_Task item_.
Only one stretch of the data is wanted: the line containing "Street performer, South", the line containing "Mid Ohio ARCA", and every line between them, copied exactly.

_Source data_.
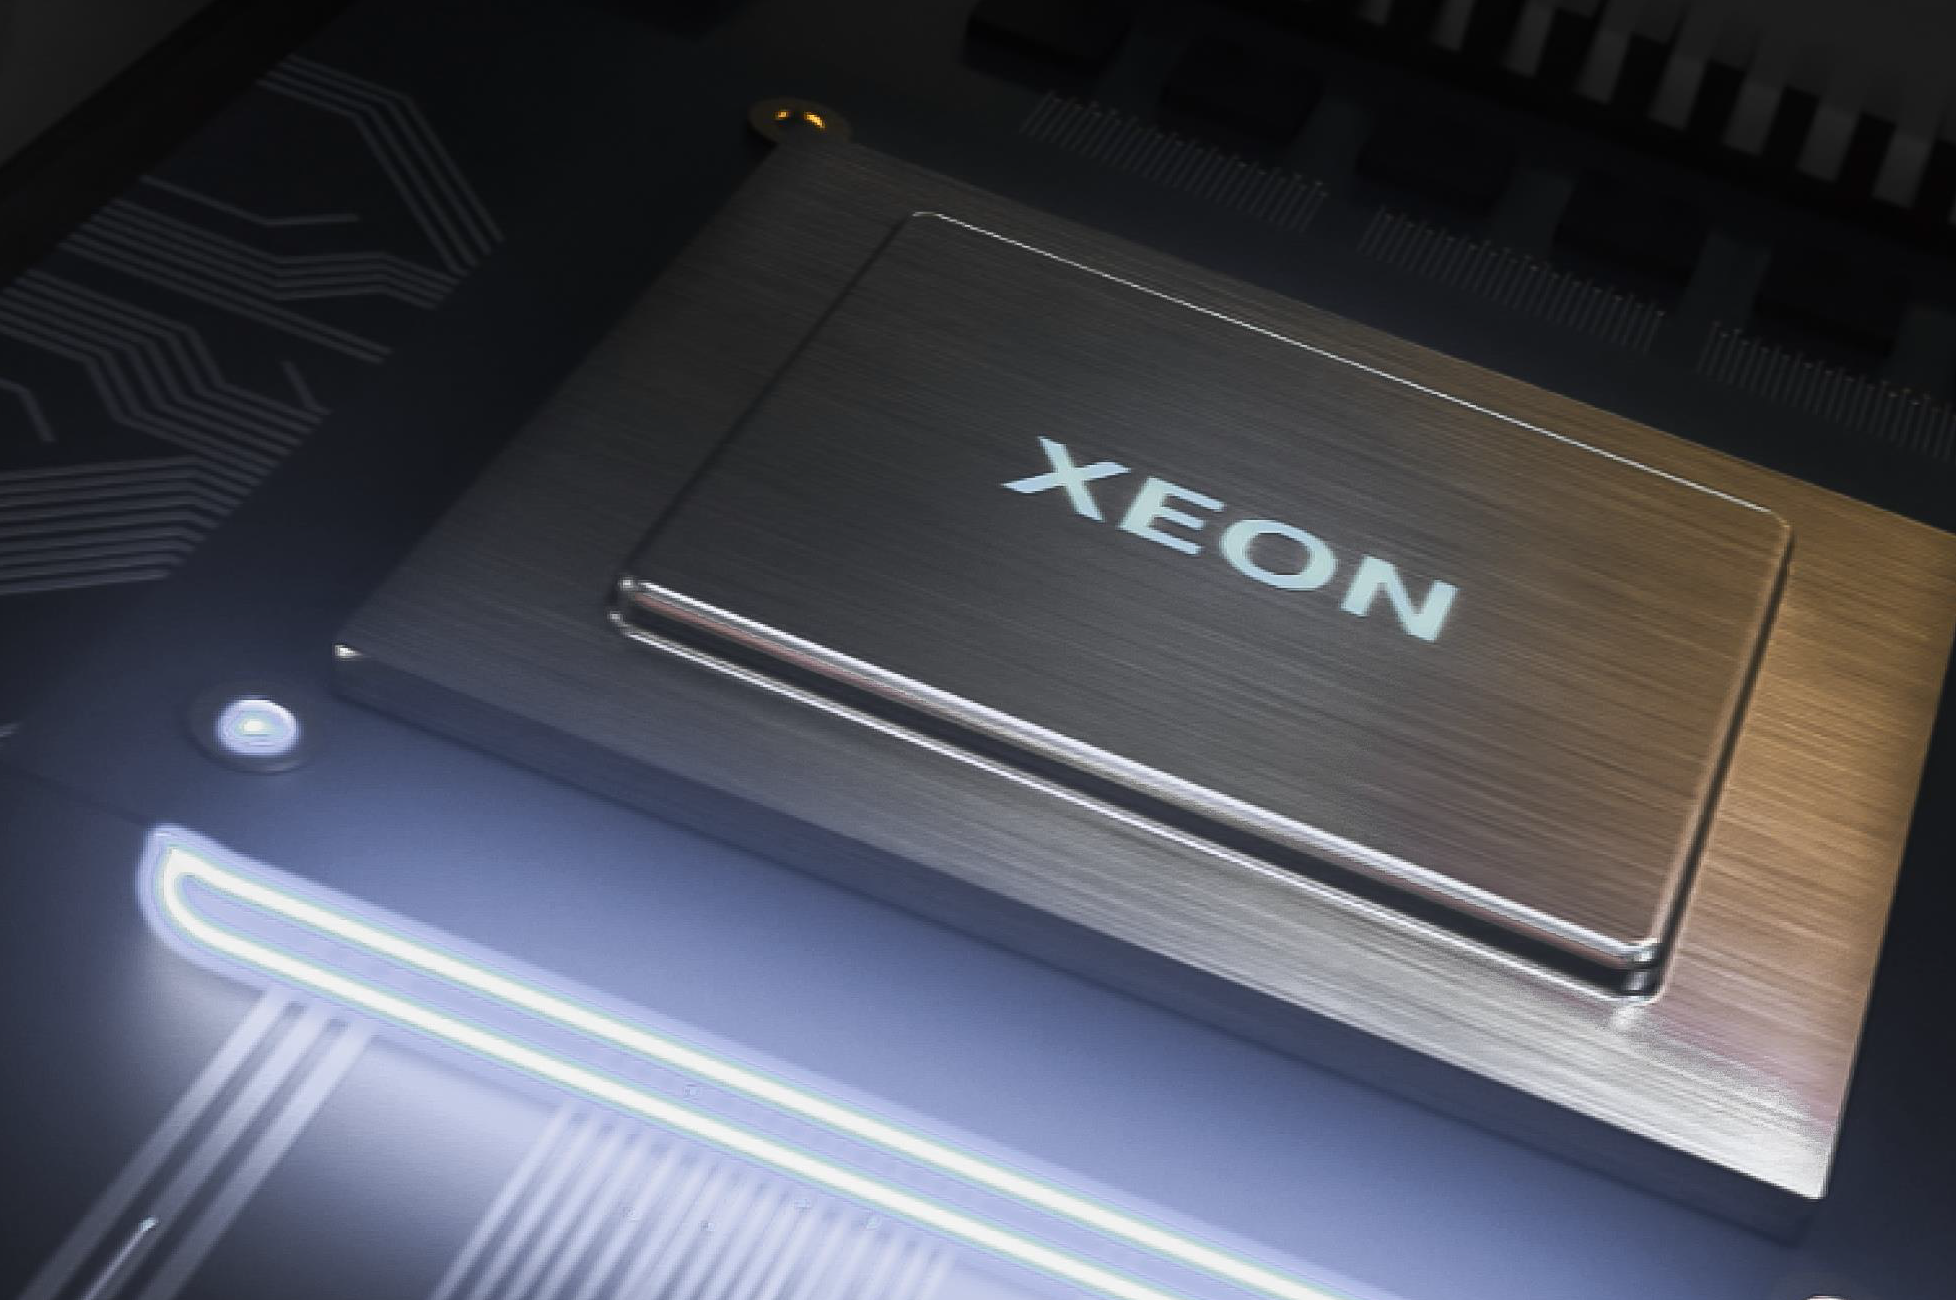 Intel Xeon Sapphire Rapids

...

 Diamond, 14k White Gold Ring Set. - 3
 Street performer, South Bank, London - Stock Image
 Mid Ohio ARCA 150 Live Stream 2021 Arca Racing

_Result for this exercise_.
 Street performer, South Bank, London - Stock Image
 Mid Ohio ARCA 150 Live Stream 2021 Arca Racing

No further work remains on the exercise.